In a country, the annual food production is 50000 units and the population is 50000 in the first year. Assume that the food production increases by 5000 units per year and the growth rate of the population is 5% each year. (a) (i) Find the food production in the 5th year. [Done; 70000units] (ii) Find the population in the 5th year. [Done; 60800] >>>>(b) If the annual food production stops increasing after five years, when will the annual food production be less than the population?<<<< >>>>(c) When the ratio of food production to population is less than 1:5, there will be a food shortage. Estimate if there is a food shortage at the end of the 50th year.<<<< @terenzreignz @Callisto @hartnn @mathslover
food production follows an arithmetic progression, food production follows a geometric progression.
<Part b> Since the annual food production stops increasing after five years, the annual food production will remain constant after 5 year, what is that constant?

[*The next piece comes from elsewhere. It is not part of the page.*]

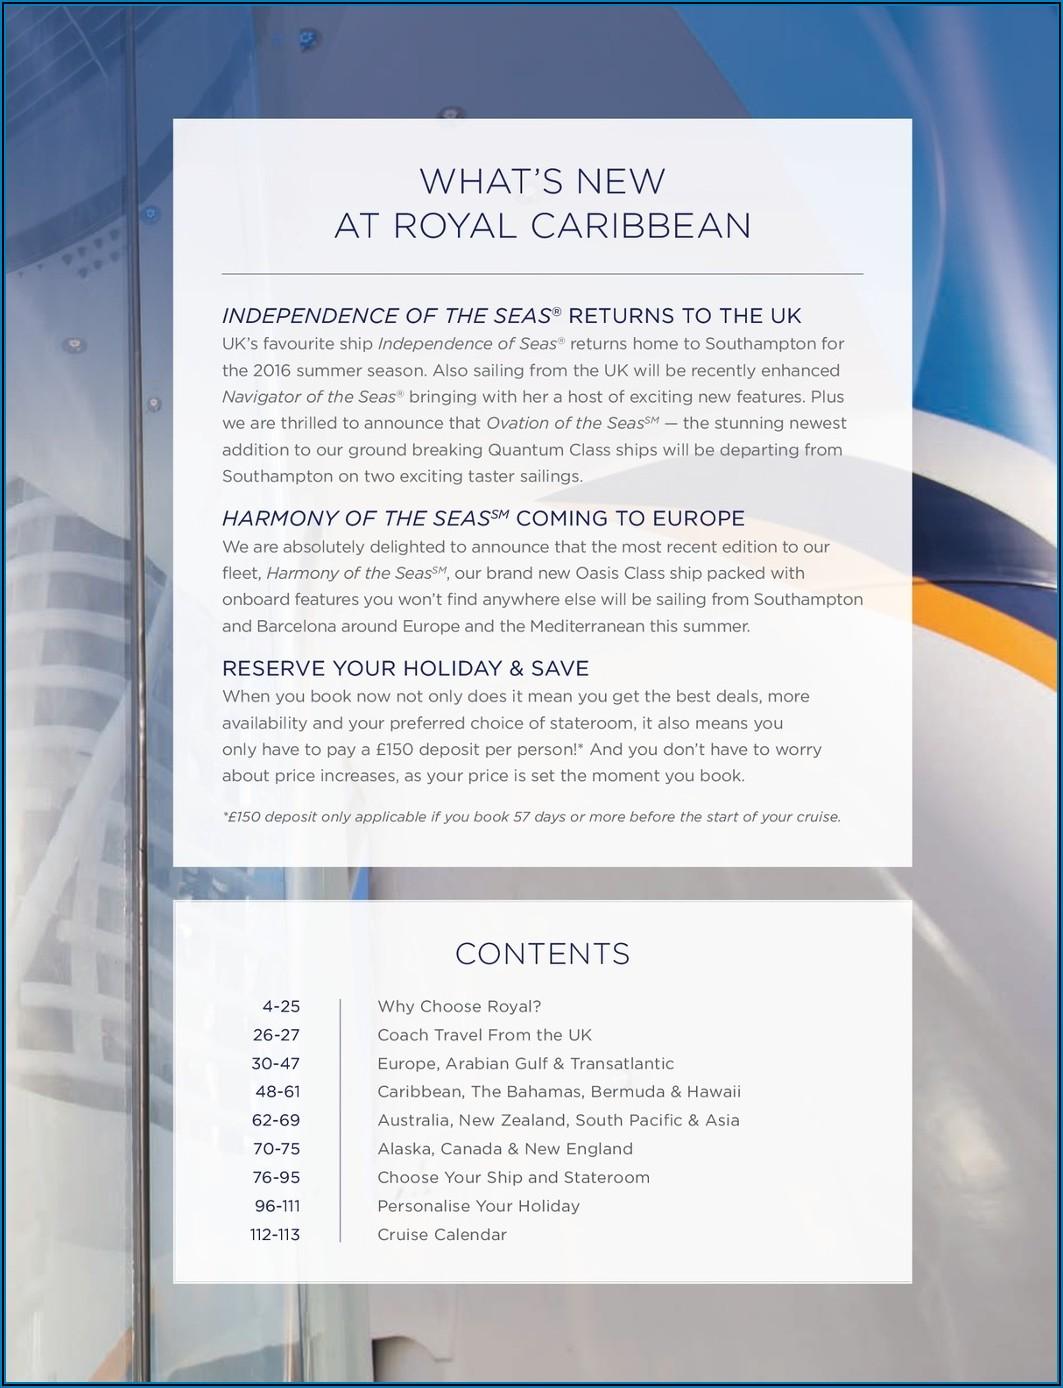 Royal Caribbean Shore Excursions Brochure South Pacific

@Callisto : 70000 units???
Yes. And we need to find "the annual food production be less than the population" You know the annual production, which is a constant, less than is just an inequality sign. You also know the formula to find the population. You can set an inequality and solve it. What is the inequality?
70000 < 50000*(1+5%)^(n-1) ??
Yes. Now, you can solve the inequality!
but i cannot solve it
7/5 < (1+5%)^(n-1)
take log?
Yes, take log.
ohh...wait
\[\frac{ \log \frac{ 7 }{ 5 } }{ \log(1+0.05) }>n-1\]
\[n \approx8 ??\]
Why did you change the sign?
log...
OMG, sorry, my fault. <
Looks good now :)
and part c?
@Callisto
What is the food production and population in the 50th year?
FP: 50000+(50-1)*5000=295000 P: 50000*(1+5%)^(50-1)=546066.6565 is it?